* Data records *
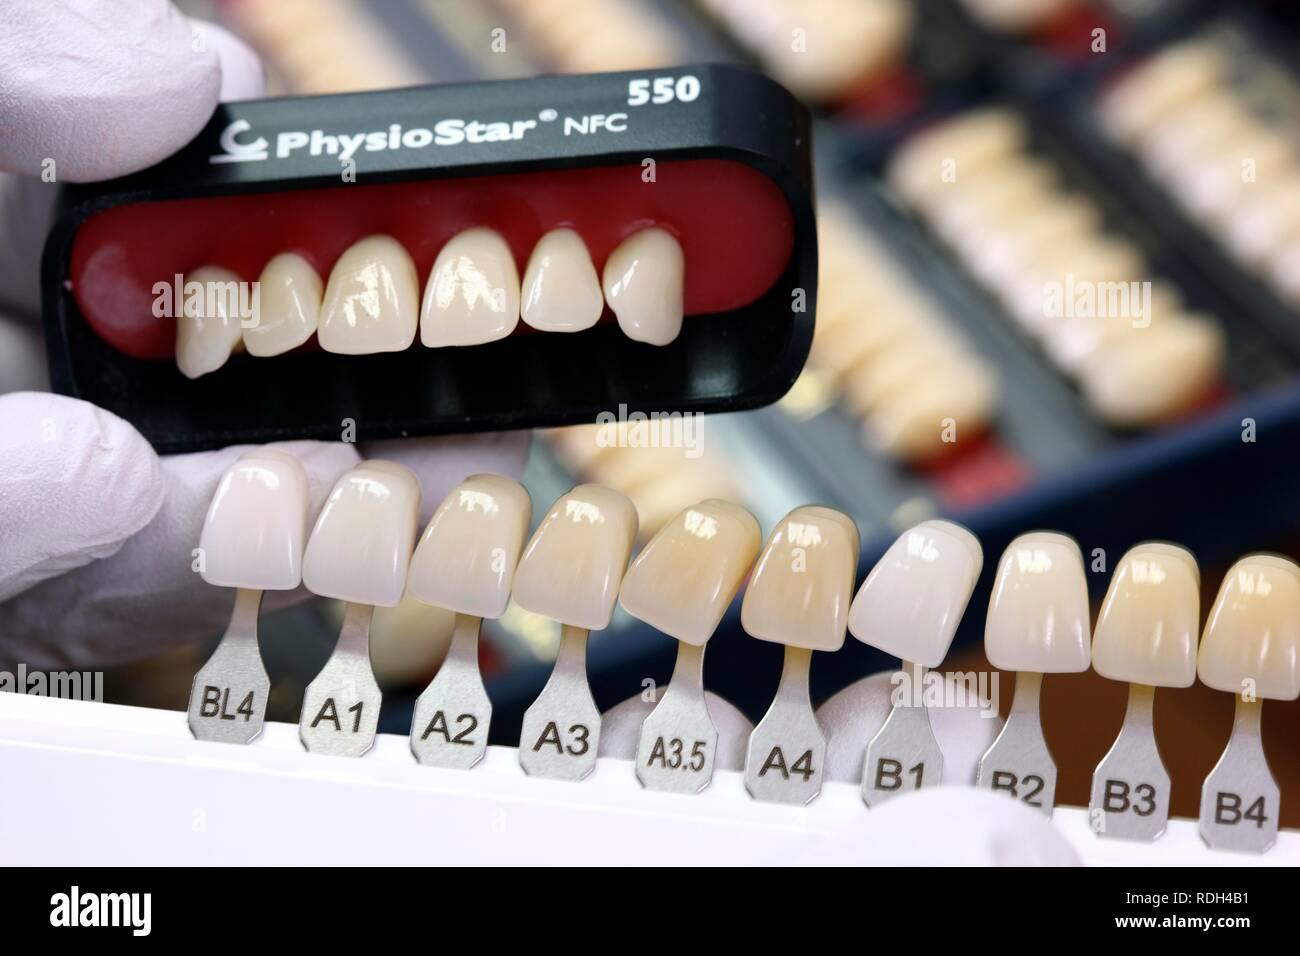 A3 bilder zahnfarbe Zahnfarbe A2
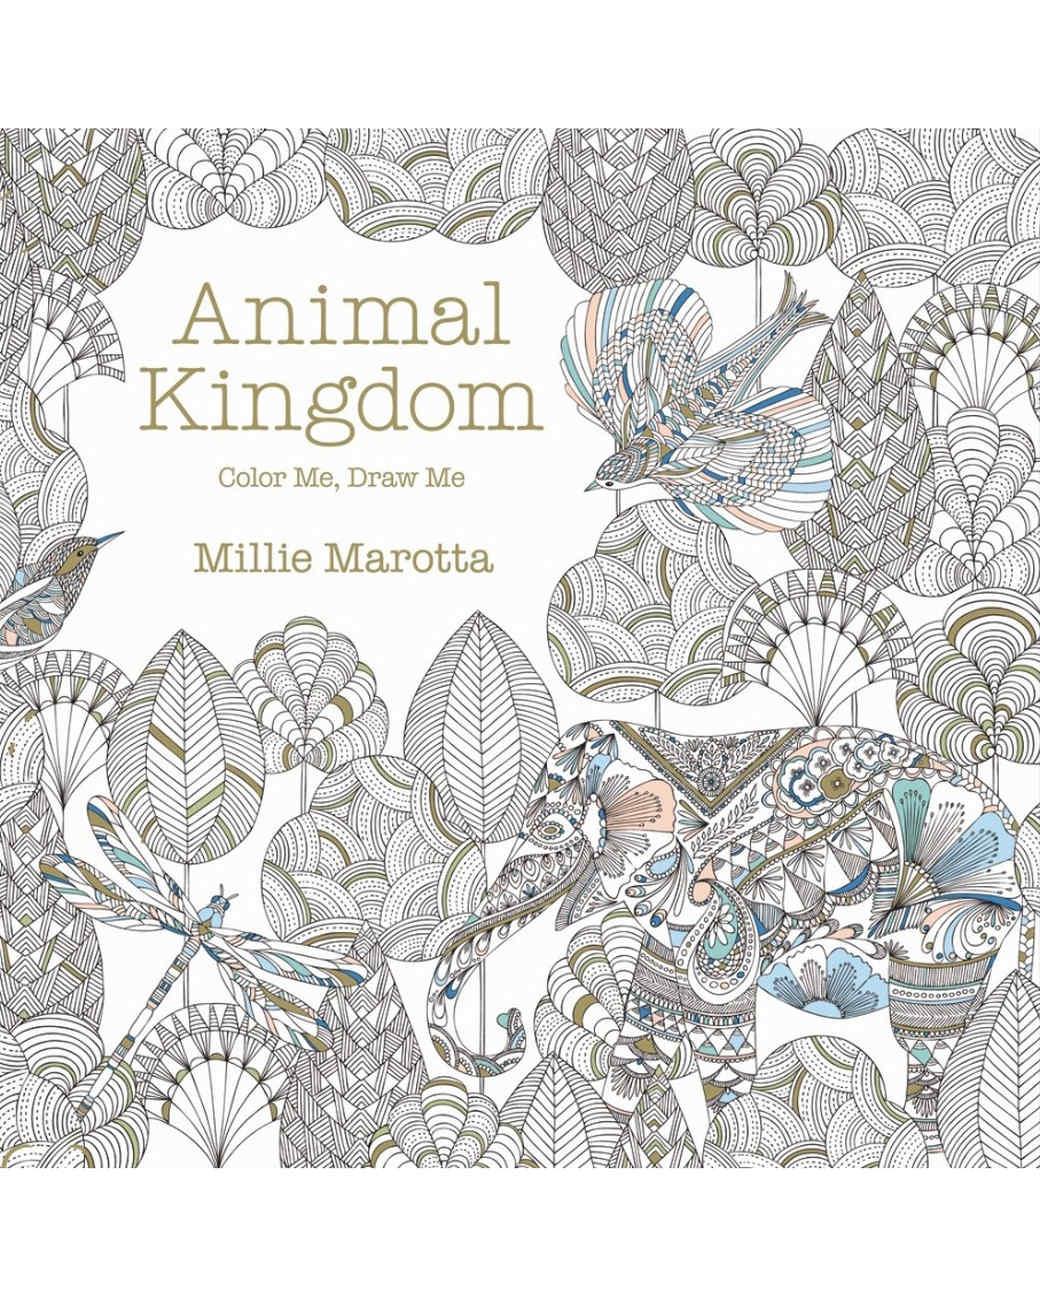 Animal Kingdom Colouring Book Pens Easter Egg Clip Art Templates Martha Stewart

--

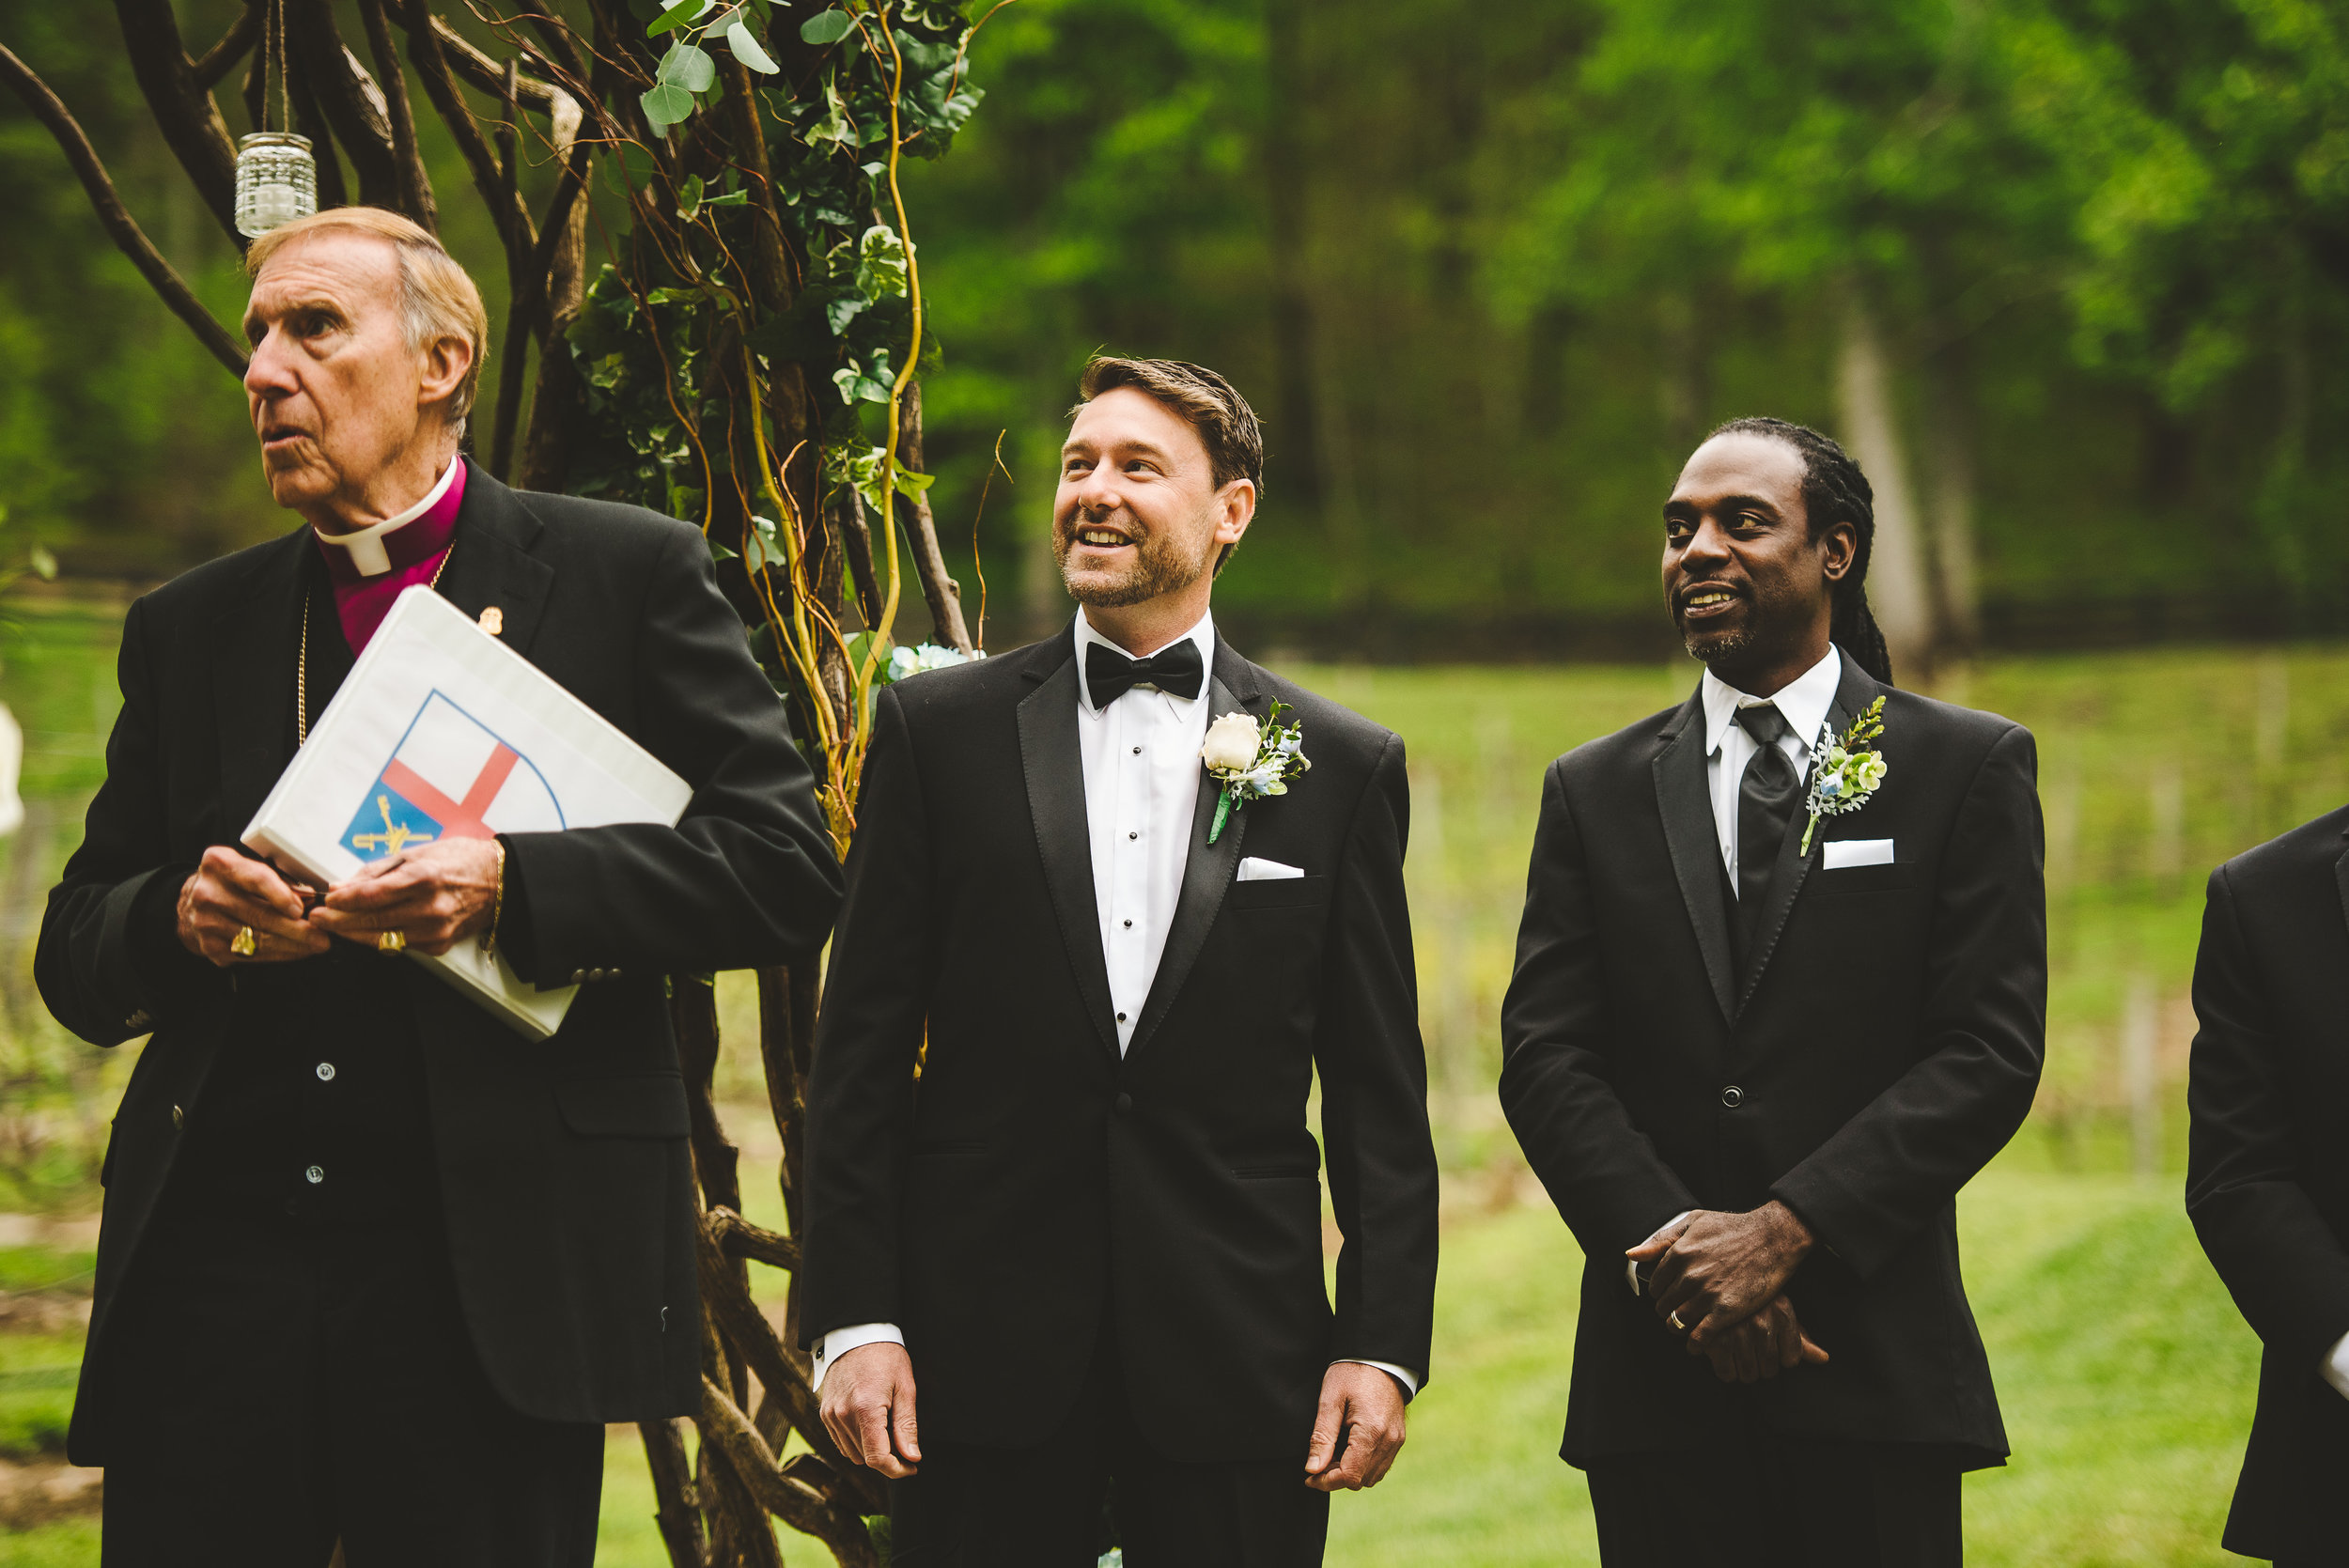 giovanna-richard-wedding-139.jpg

* Activity *
Using the records above, return word for word the lines that begin at the one containing "A3 bilder zahnfarbe Zahnfarbe A2" and end at the one containing "Animal Kingdom Colouring", both of them included and no pictures.

* Response to the exercise *
 A3 bilder zahnfarbe Zahnfarbe A2
 Animal Kingdom Colouring Book Pens Easter Egg Clip Art Templates Martha Stewart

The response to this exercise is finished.